Recent releases for exllamav2 brings working fp8 cache support, which I’ve been very excited to test. This feature doubles the maximum context length you can run with your model, without any visible downsides.
For models barely fitting (it screams as you stuff it onto your gpu), this makes a world of difference.
Below, I show the updated maximum context I get with 2.4 and 2.5 bpw models:
These are on desktop ubuntu, with a single 3090 powering the graphics. Memory consumption varies between 0.56-0.7gb, but the usage stayed at 0.56gb for my tests.
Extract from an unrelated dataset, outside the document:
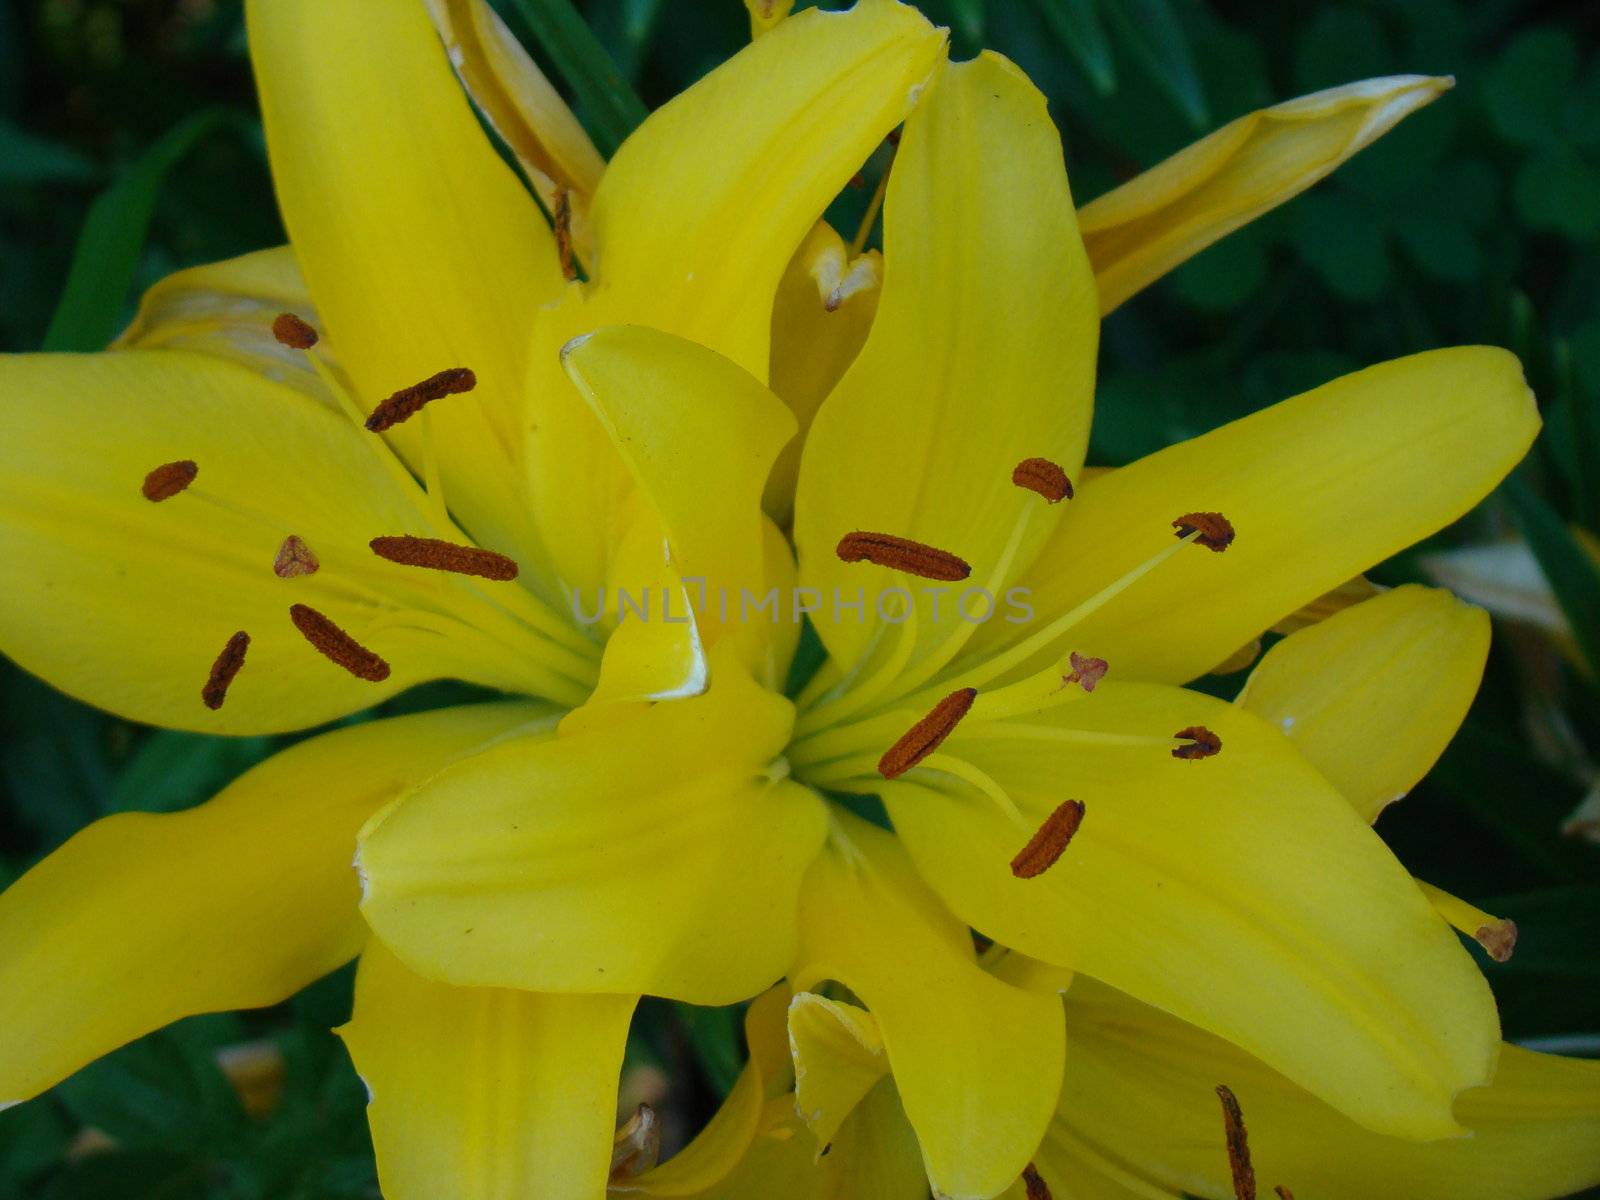 yellow tiger lilly with surrounding flora such as bud about to open leafs.

For testing, I iteratively loaded these models with increasing context until OOM. Vram usage does not increase once set. These results should be replicable on text-gen-webui when implemented.
2.4bpw
- 16k (1k = 1024 context length)
- No fp8 cache - 8k
- w/ speculative 4.0bpw - 10k (tinyllama is speculative draft model)
- w/ speculative 5.0bpw - 10k
- w/ speculative 6.0bpw - 7k
- w/ speculative 8.0bpw - 6k
2.5bpw
- 10k
- No fp8 cache - 5k
- w/ speculative 4.0bpw - 5k
- w/ speculative 5.0bpw - 4k
Speculative results
When running the chat.py example, the results are consistently ~30 t/s. For chat tests, that is consistently 1.5x the original speeds.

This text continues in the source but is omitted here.